**Given data**
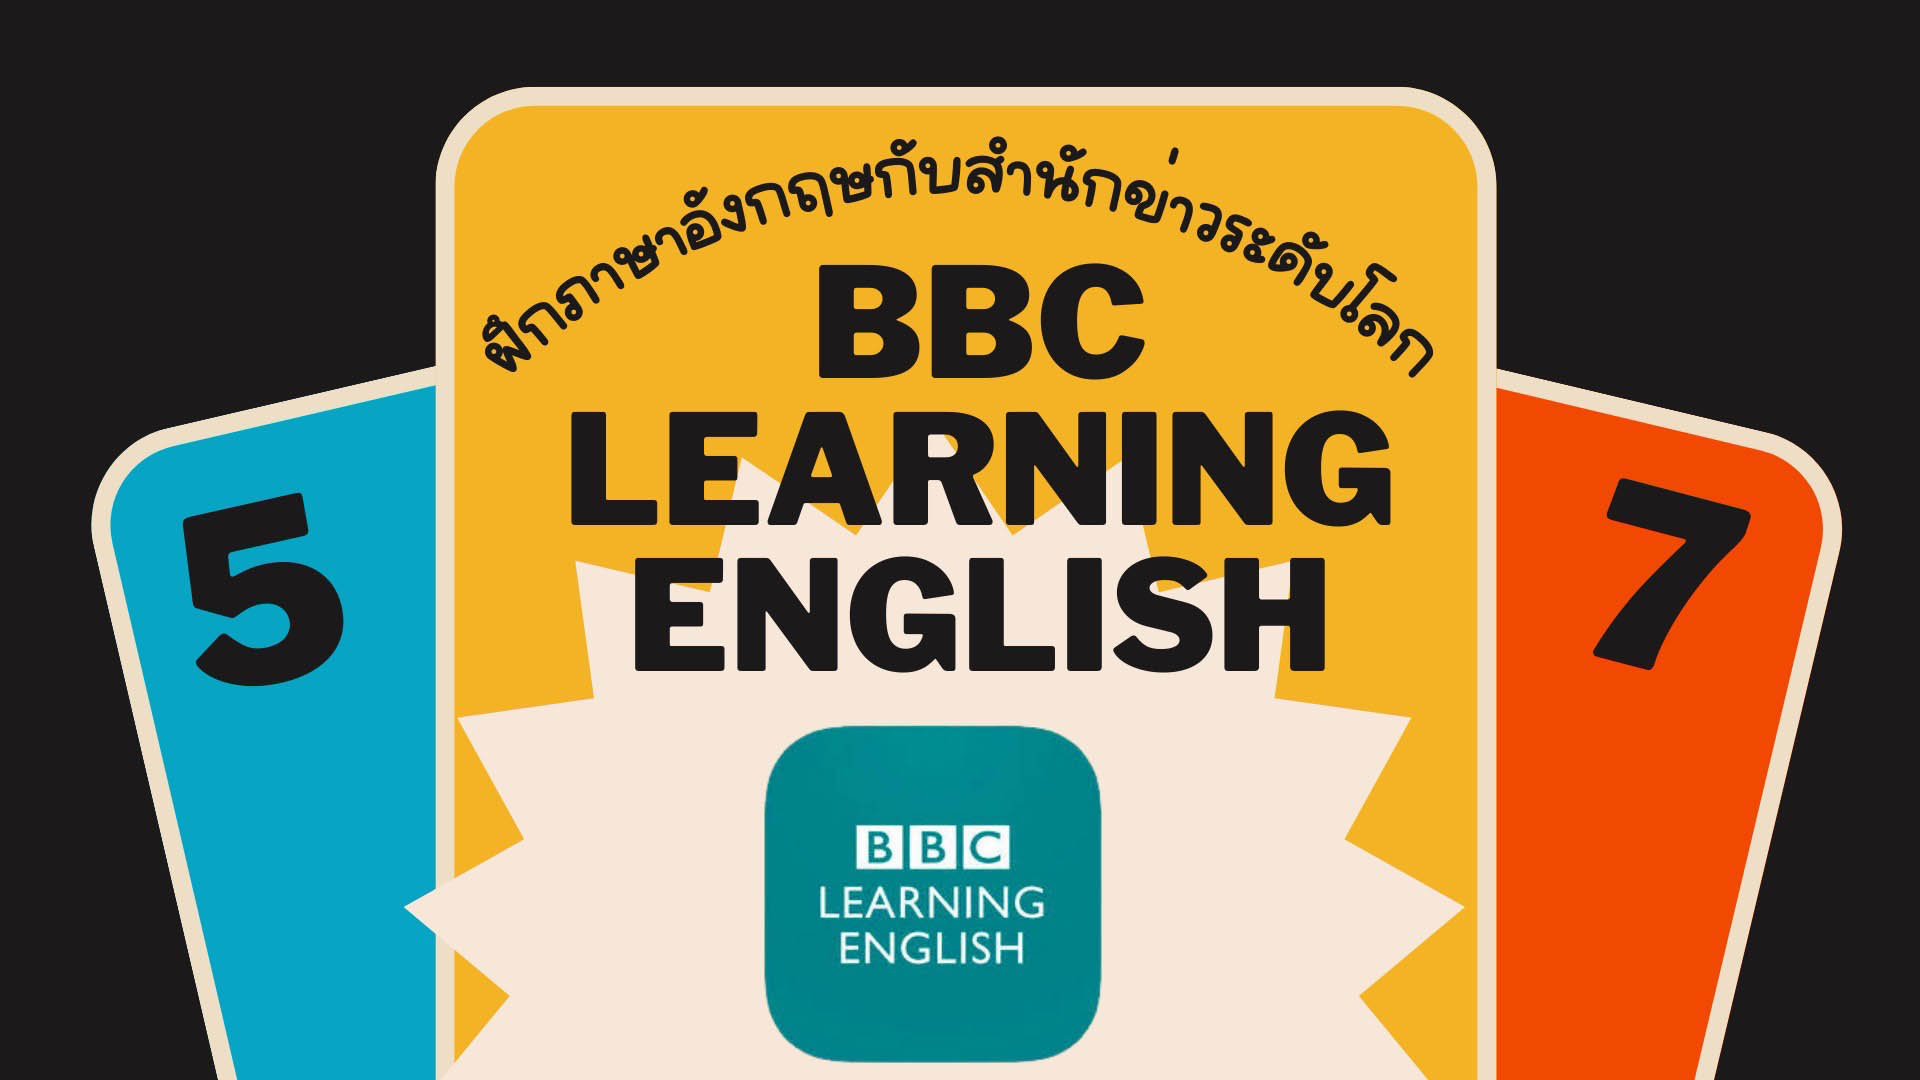 แอป BBC Learning English
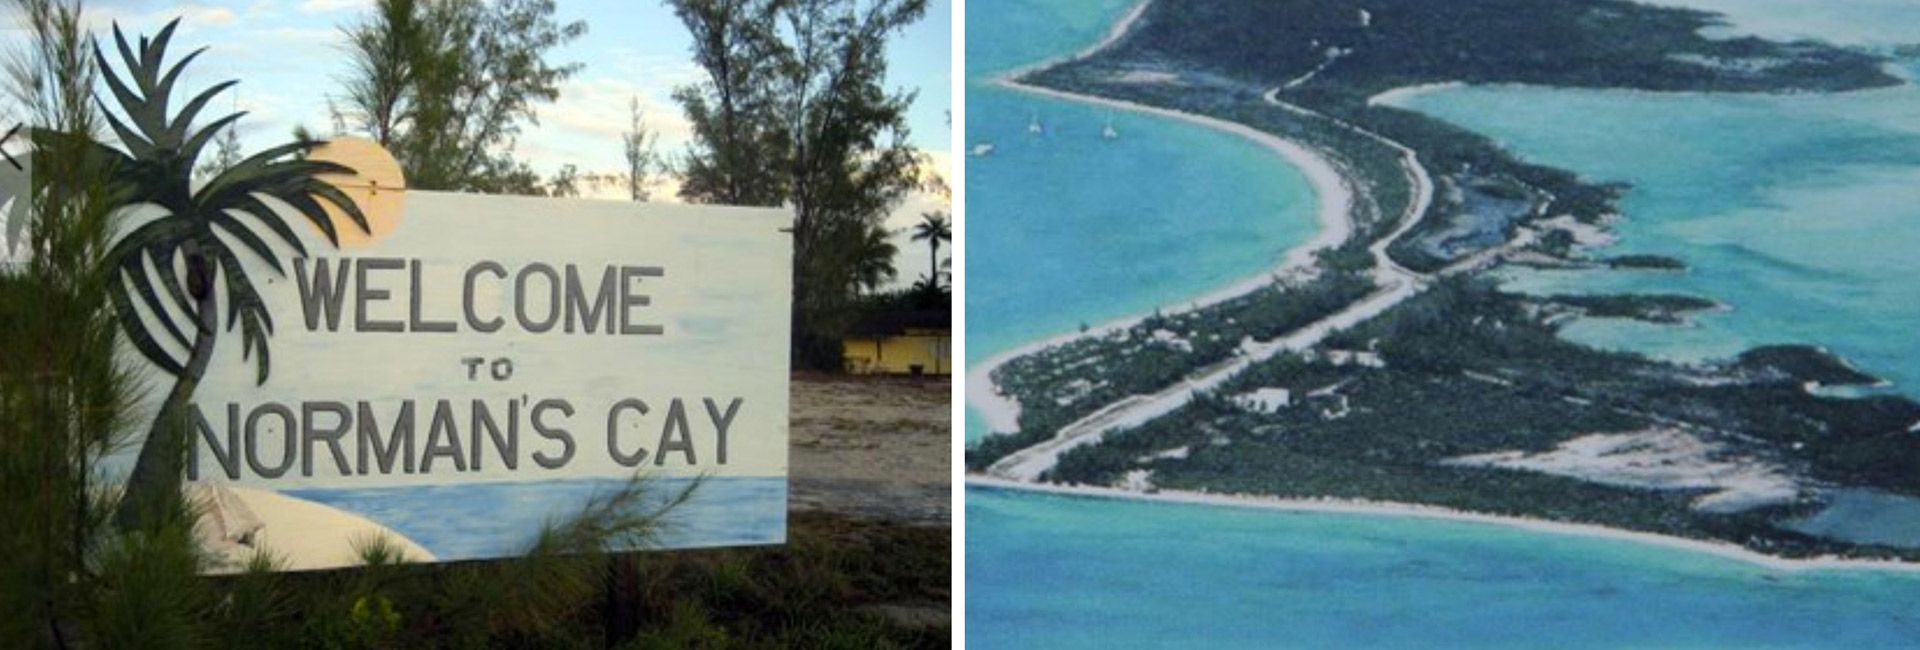 Carlos Lehder, socio de Escobar, compróuna isla en las Bahamas para tener una pista clandestina para sus envíos de droga a Miami.
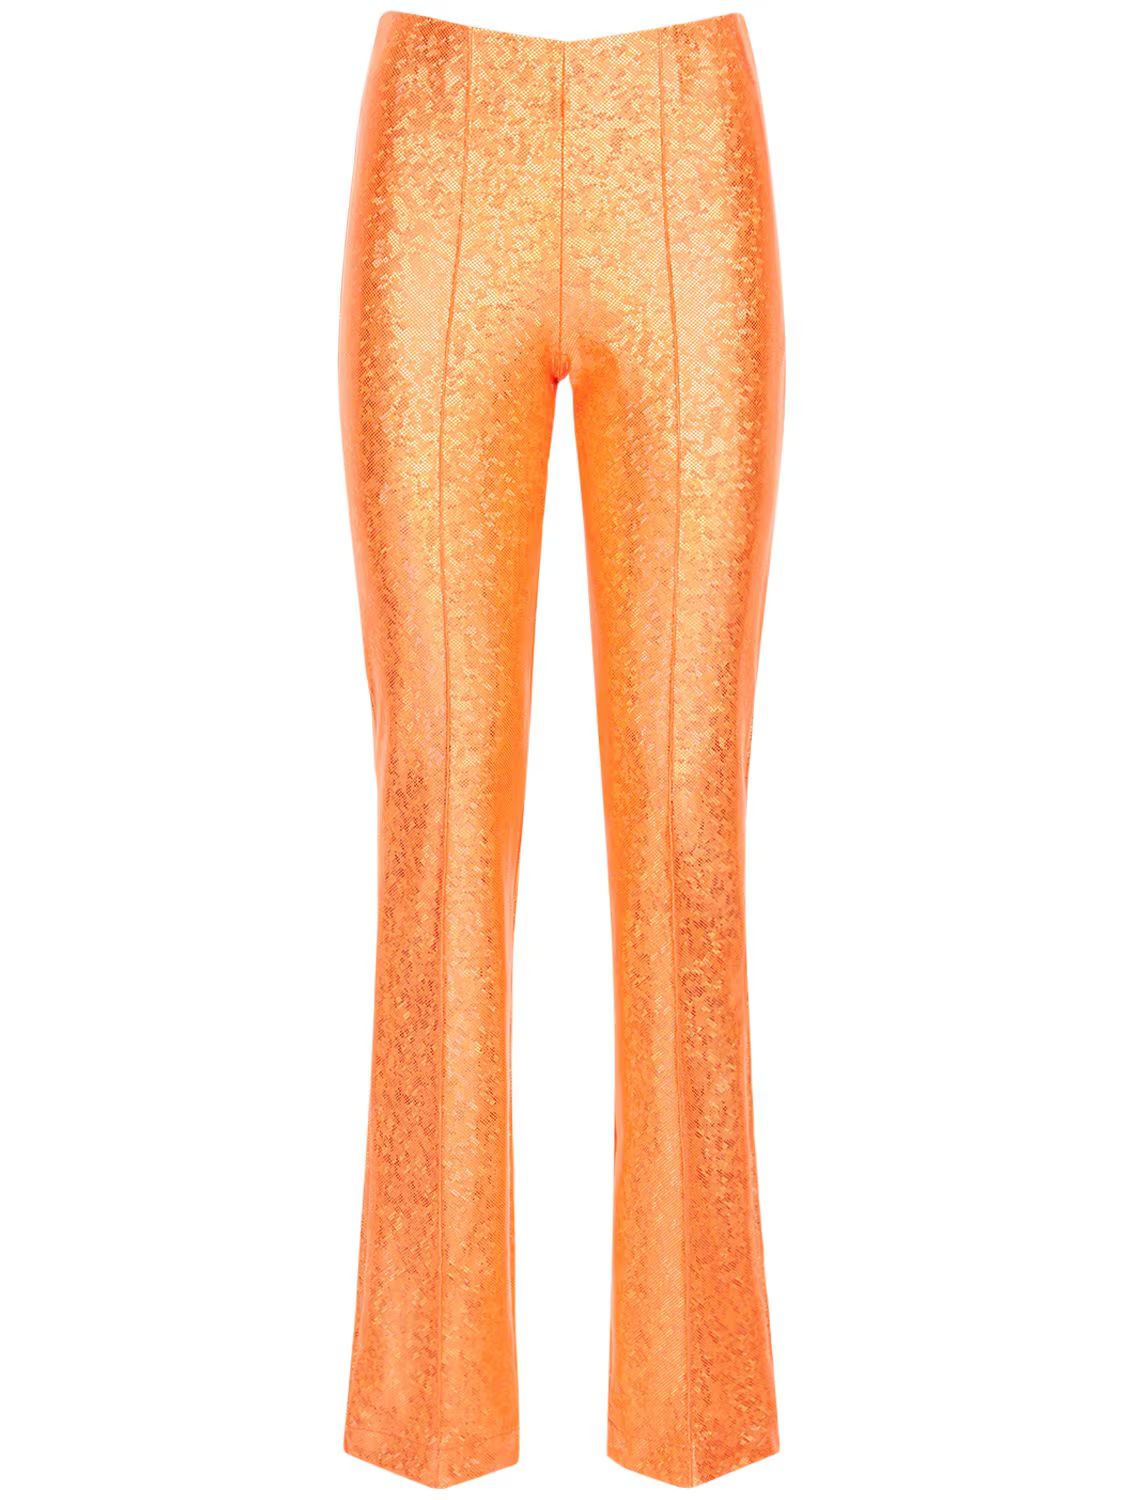 Glittered Stretch Jersey Pants | Luisaviaroma

**Task instructions**
Your task is to repeat only the lines from the line containing "Carlos Lehder, socio" through the final line of the material, inclusive; do not include pictures.

**Exercise result**
 Carlos Lehder, socio de Escobar, compróuna isla en las Bahamas para tener una pista clandestina para sus envíos de droga a Miami.
 Glittered Stretch Jersey Pants | Luisaviaroma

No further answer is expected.